Cours de philosophie positive. (3/6)
Chapter 3
Les phénomènes de la première sont, évidemment, d'une nature plus compliquée, que ceux de la seconde; et l'étude en est nécessairement subordonnée à la leur. Quoique les uns et les autres soient rigoureusement généraux, cependant l'ordre de généralité des faits chimiques doit être classé comme réellement inférieur à celui des faits physiques. En comparant ceux-ci aux faits astronomiques, j'ai démontré, dans le volume précédent, que leur généralité est moindre, parce que, propres à tous les corps, ils ne s'y manifestent point cependant dans toutes les circonstances, leur développement étant toujours soumis à certaines conditions. Or, le même principe est applicable ici, et à bien plus forte raison, car les effets chimiques exigent un concours de conditions variées beaucoup plus étendu. Avec de simples modifications, les propriétés physiques appartiennent, non-seulement à toutes les substances, mais aussi à tous les états d'agrégation, et même de combinaison, de chacune d'elles: chaque corps ne manifeste, au contraire, ses propriétés chimiques que dans un état plus ou moins déterminé, et souvent tellement restreint qu'il a fallu de longues séries d'essais laborieux pour parvenir à le réaliser. En un mot, la nature nous offre très fréquemment des effets physiques qui ne sont accompagnés d'aucun effet chimique, tandis que nul phénomène chimique ne saurait avoir lieu sans la coexistence de certains phénomènes physiques. Ainsi, les uns formant les divers modes spécifiques de l'activité propre à chaque substance, et les autres, au contraire, constituant l'existence fondamentale de toute matière, le sujet de la chimie se complique nécessairement toujours de celui de la physique, et ne saurait être rationnellement étudié sans la connaissance préalable de celui-ci. D'ailleurs, les agens chimiques les plus puissans sont, désormais, empruntés à la physique, qui, en outre, fournit constamment, par ses différens ordres de phénomènes, les premiers caractères distinctifs des diverses substances. Il serait inutile d'insister davantage aujourd'hui pour faire sentir qu'on ne saurait concevoir de chimie vraiment scientifique sans lui donner, préalablement, l'ensemble de la physique pour base générale. Sous ce premier rapport, qui est décisif, la position encyclopédique de la chimie se trouve donc déterminée, à l'abri de toute incertitude.
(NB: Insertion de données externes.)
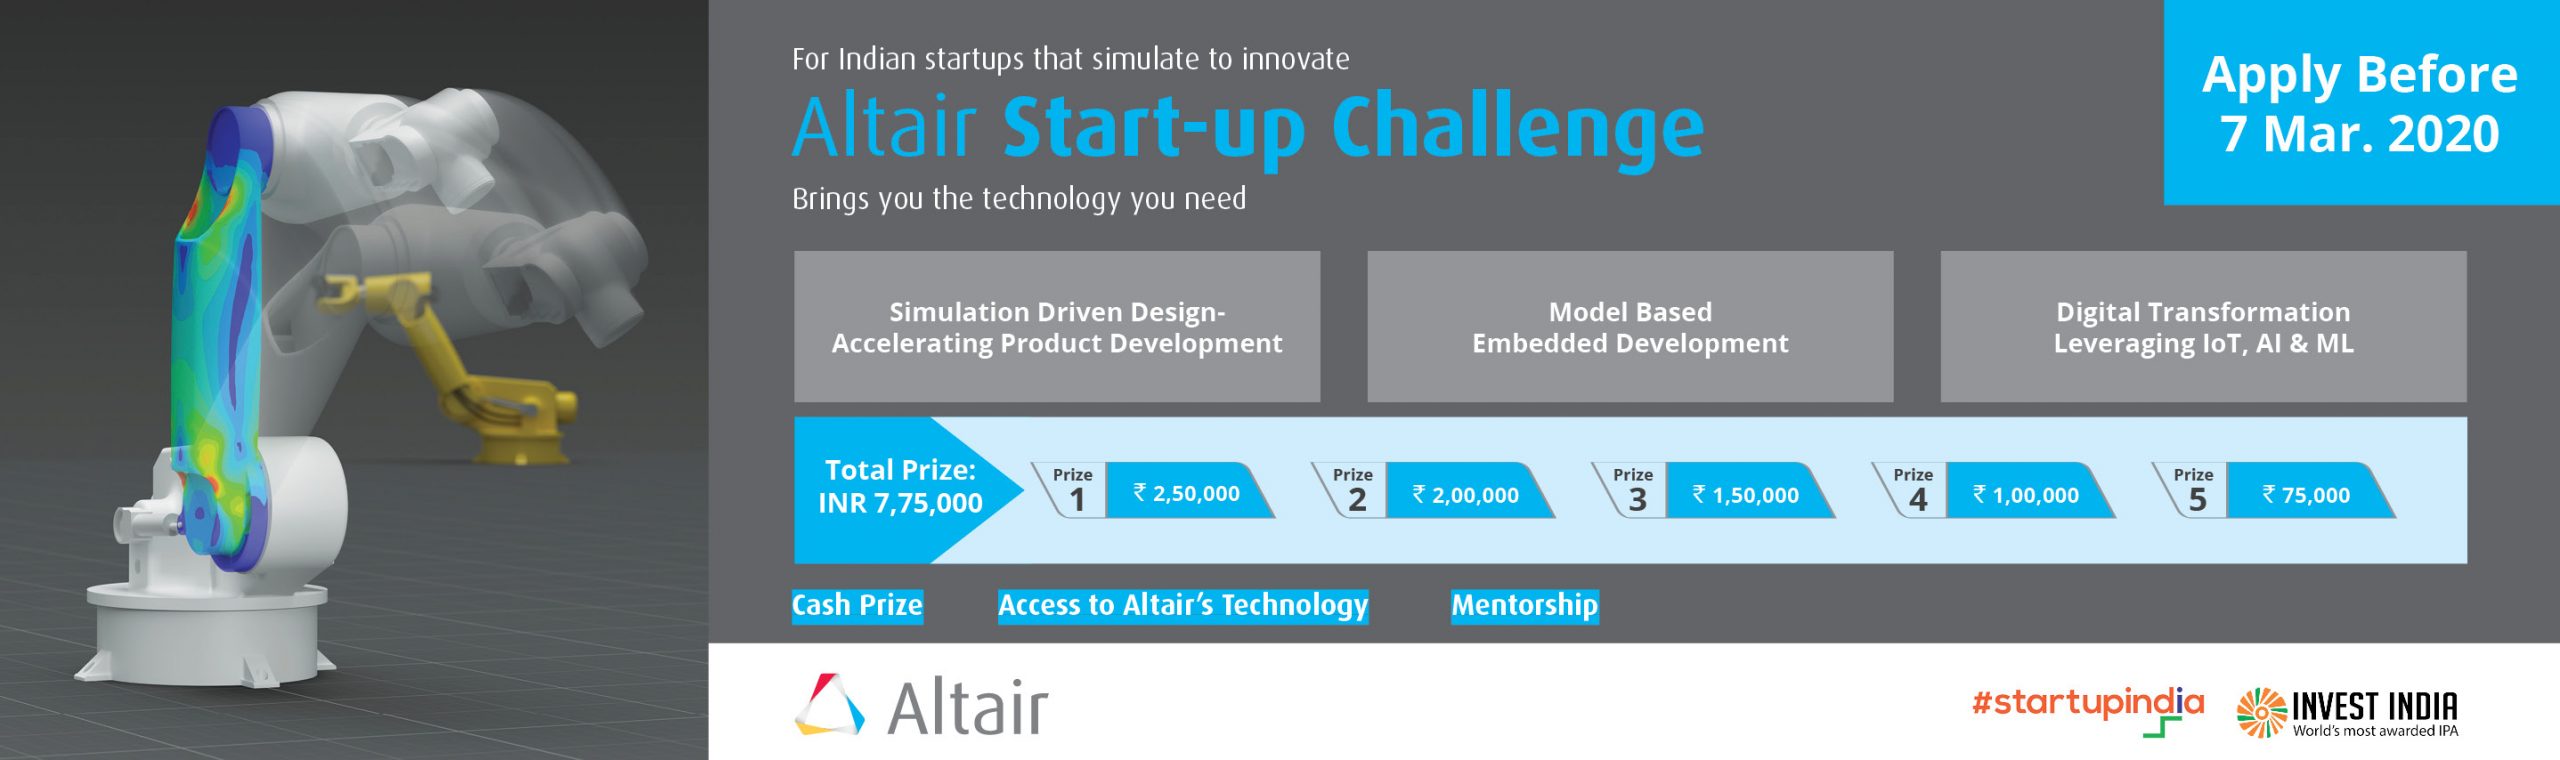 Altair Start-Up Challenge 2020

De cette relation immédiate, résulte, évidemment, une subordination indirecte, mais nécessaire, de la chimie envers l'ensemble de l'astronomie, et même de la science mathématique, comme fondemens indispensables de toute physique sérieuse. Quant à des liaisons directes, il faut convenir que, sous le rapport de la doctrine, elles sont peu étendues et d'une médiocre importance.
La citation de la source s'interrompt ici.